Dataset excerpt
+++

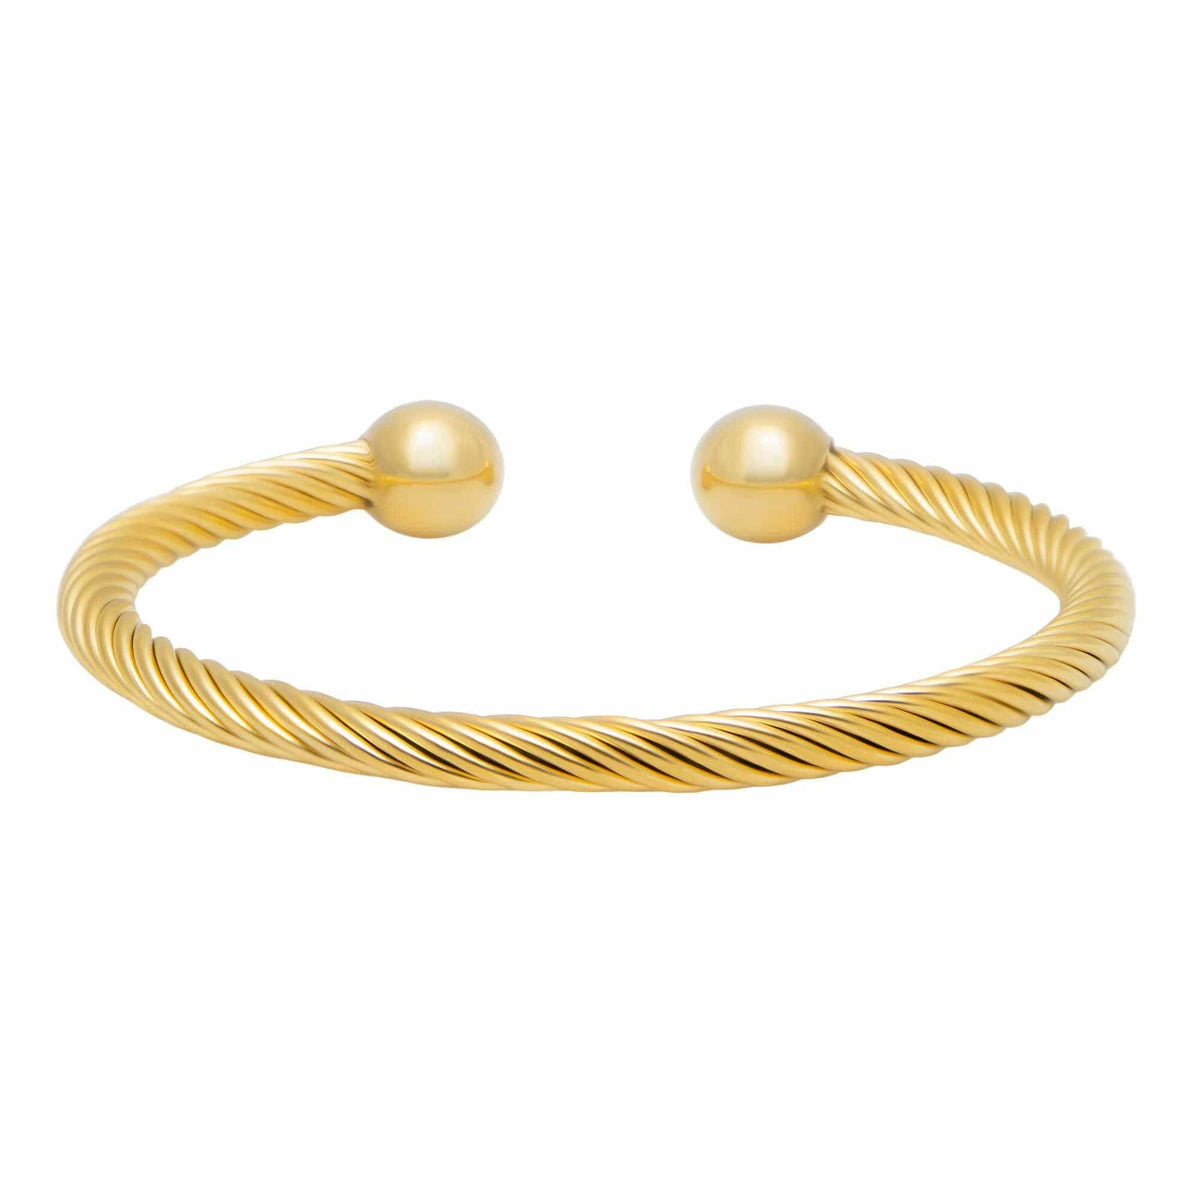 BohoMoon Stainless Steel Mariana Cuff Bracelet Gold
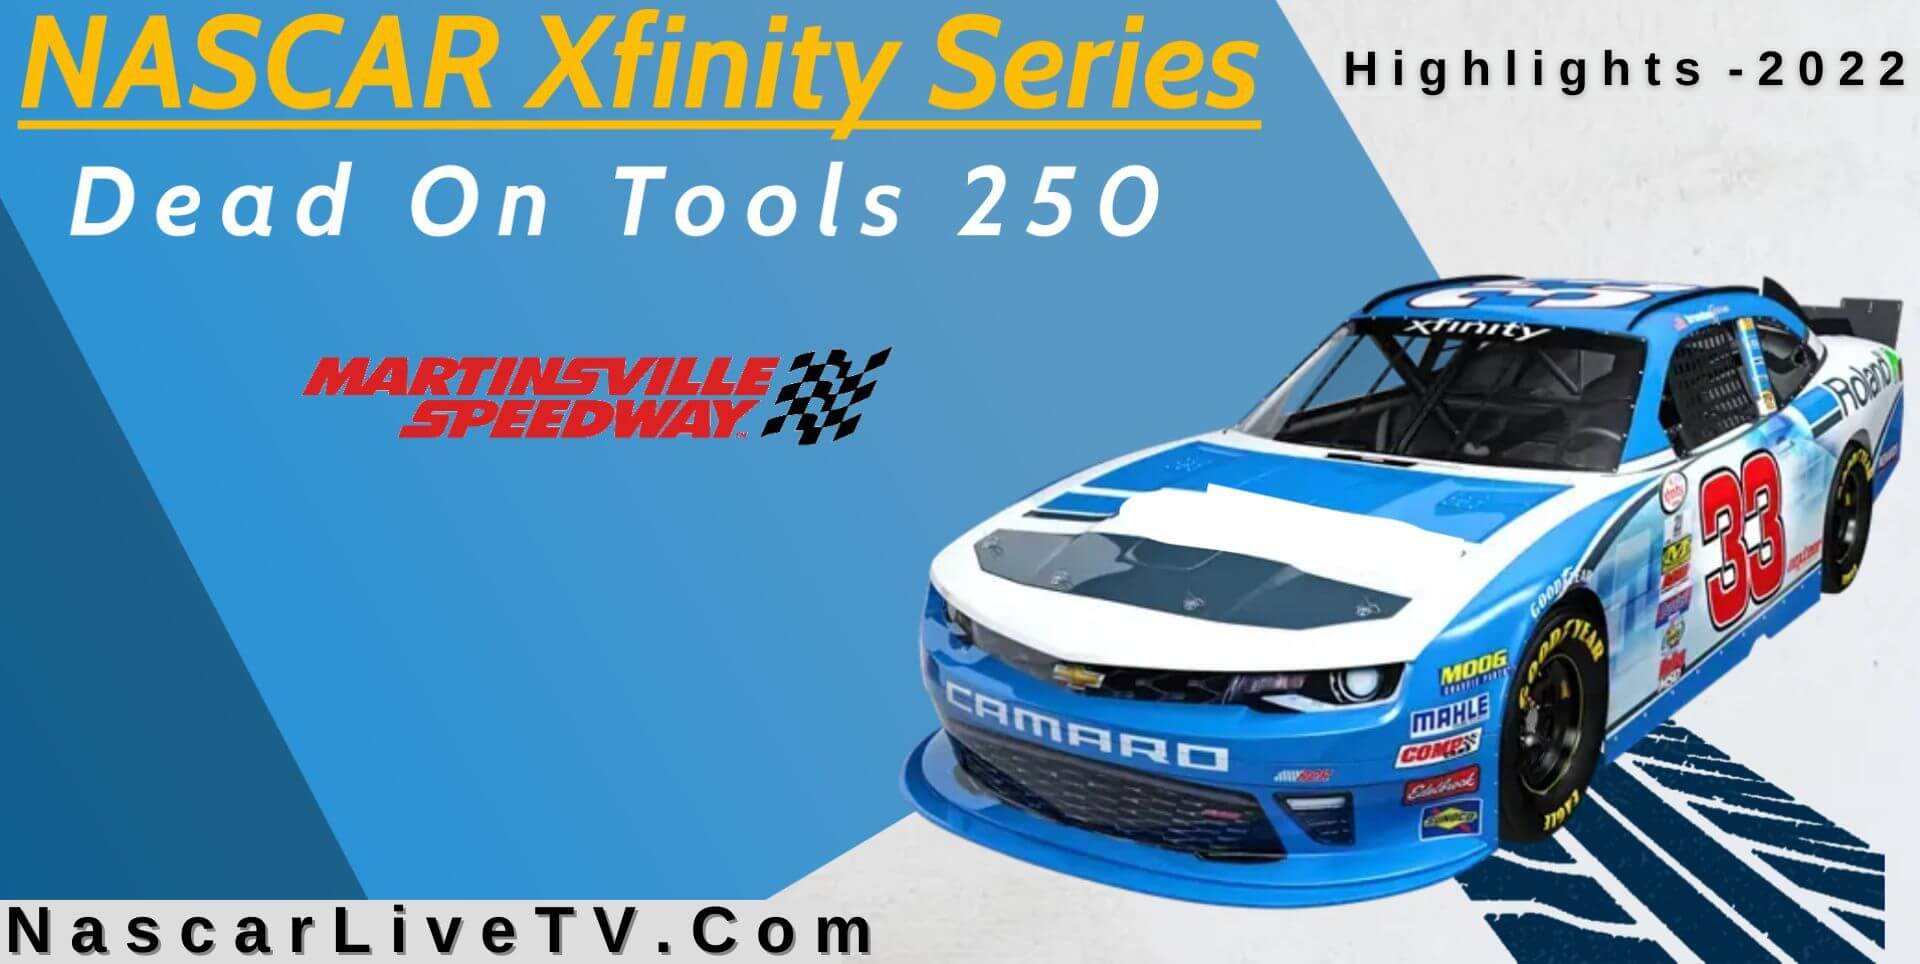 Dead On Tools 250 Highlights NASCAR Xfinity Series 2022
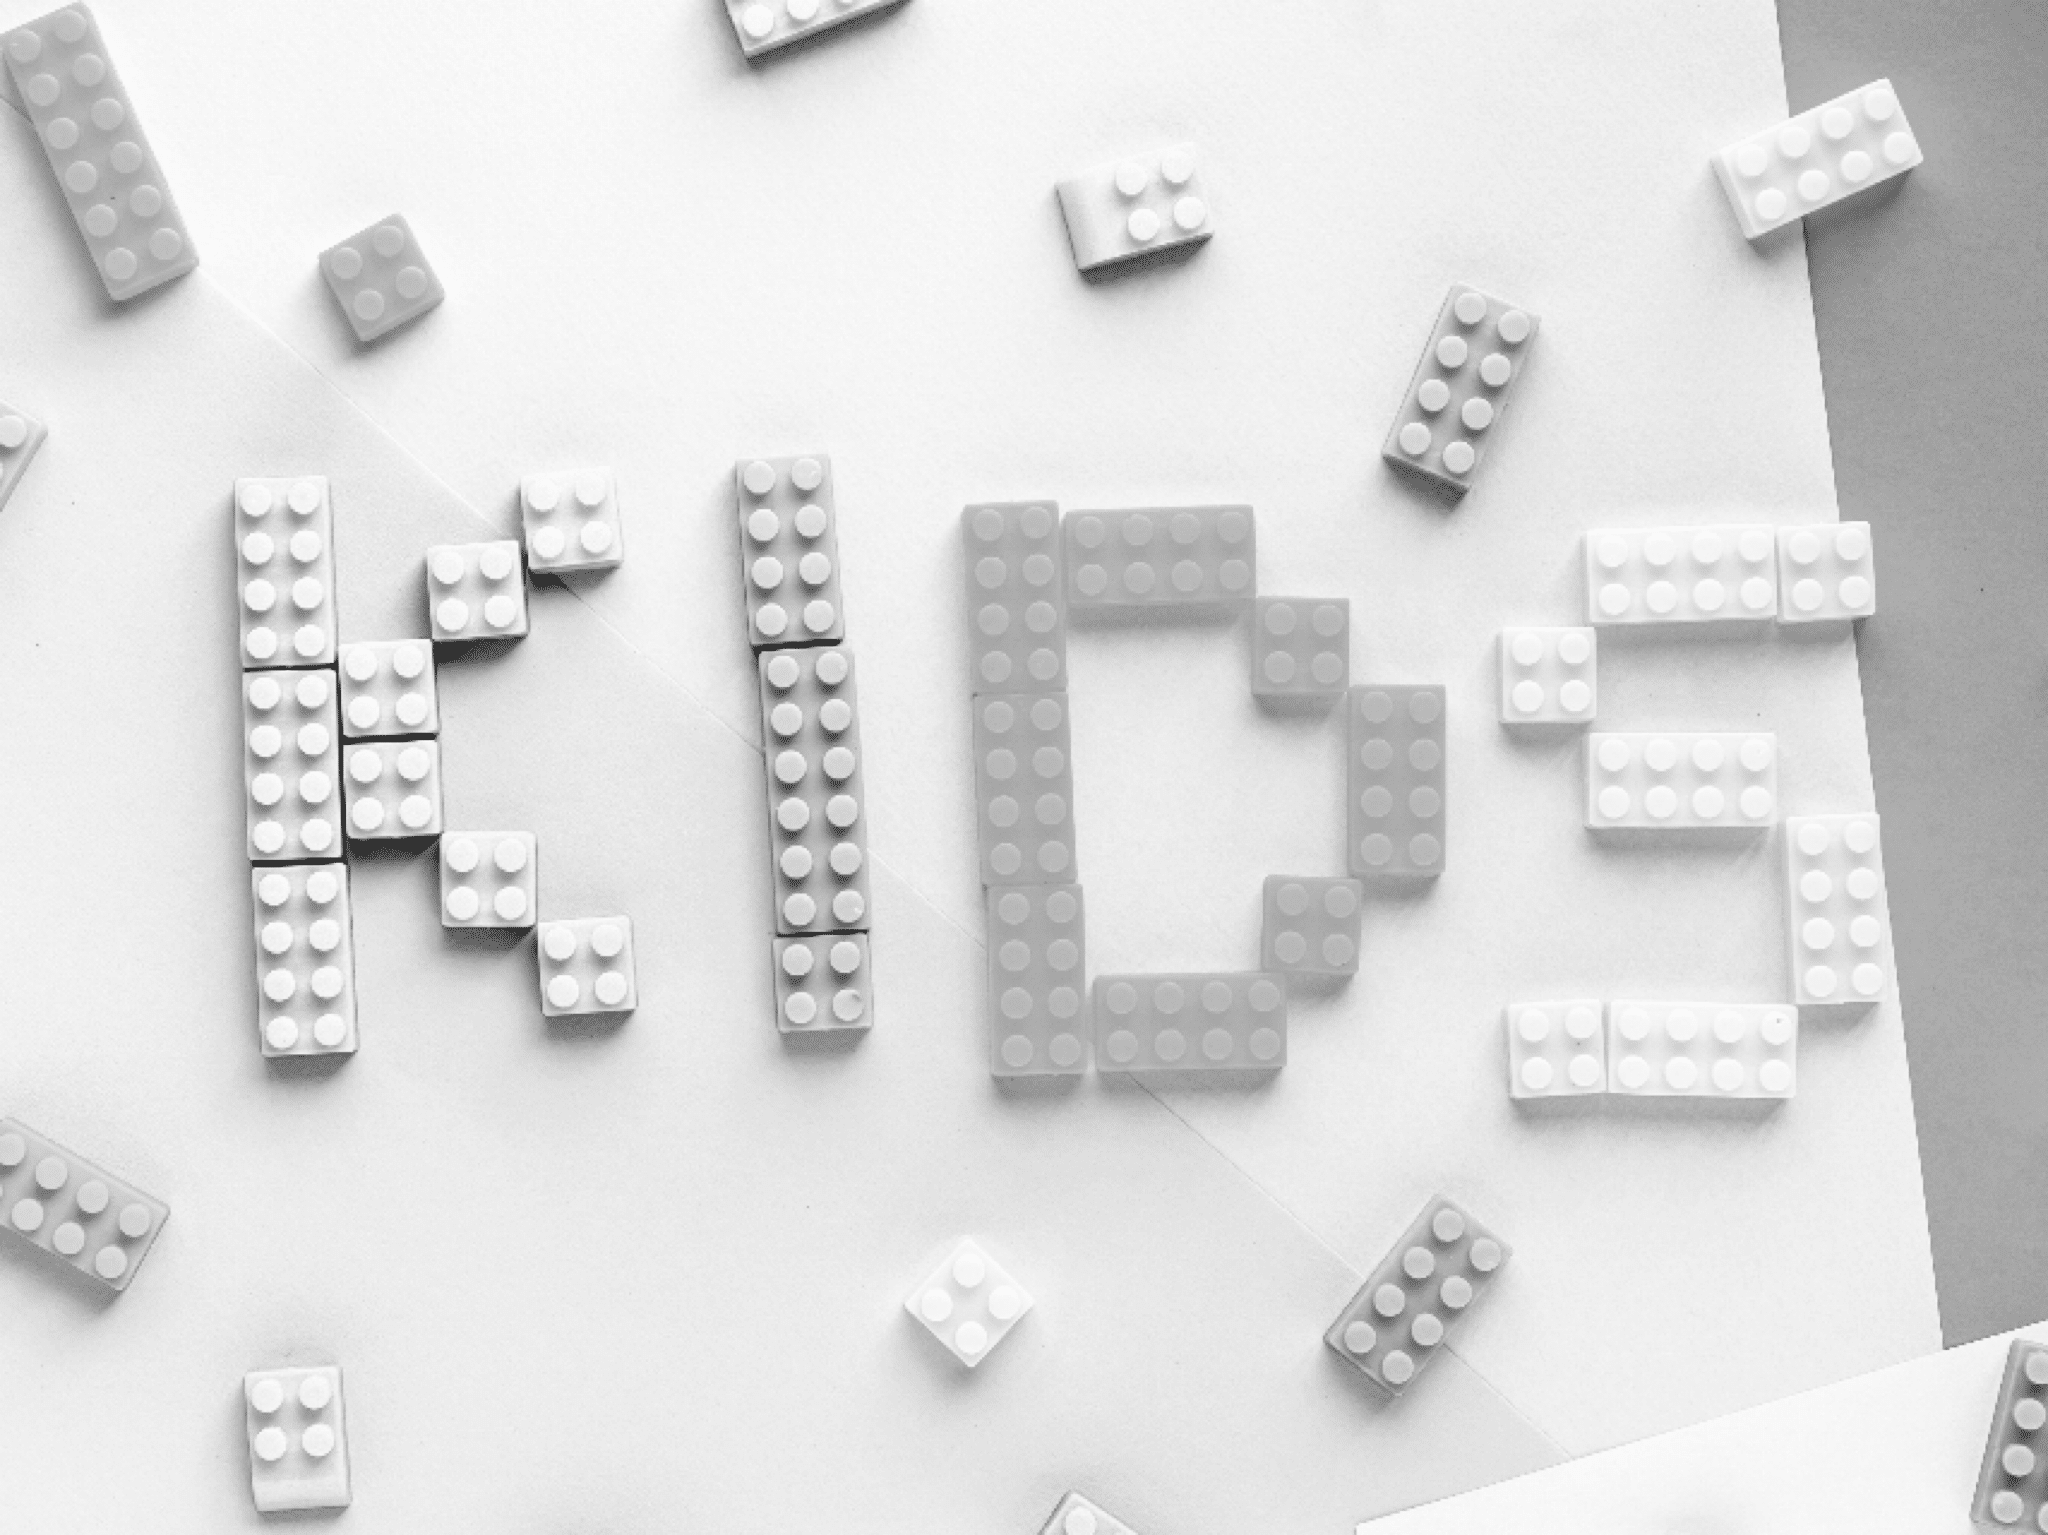 KIDS spelled in lego blocks
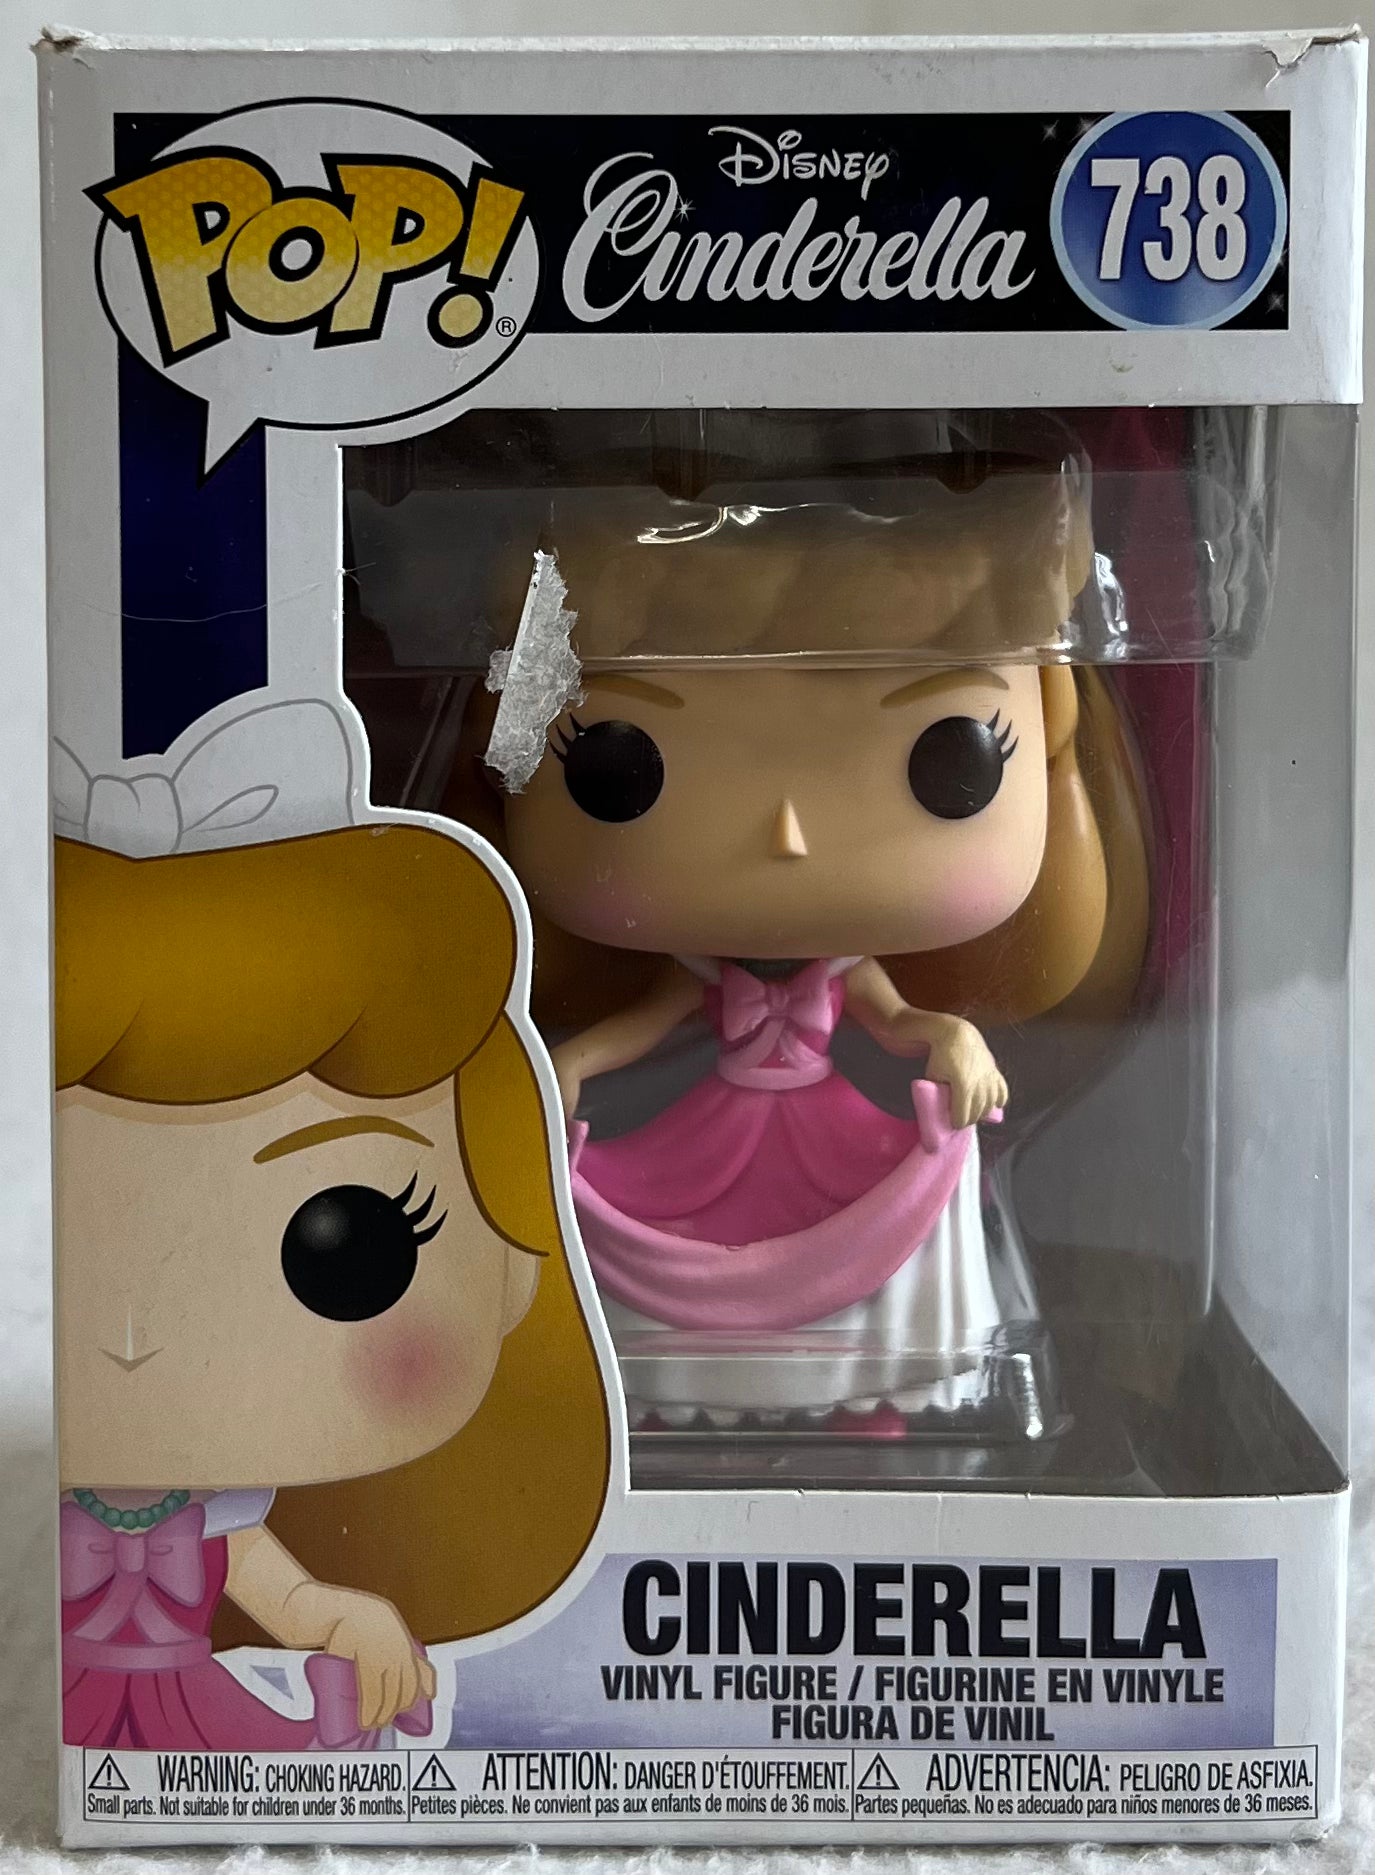 FUNKO POP! #738 Cinderella 'Disney'

+++

Task description
Give back, word for word, the lines from the one containing "KIDS spelled in lego blocks" through the last line of the listing above; include both ends and exclude the pictures.

Your response
 KIDS spelled in lego blocks
 FUNKO POP! #738 Cinderella 'Disney'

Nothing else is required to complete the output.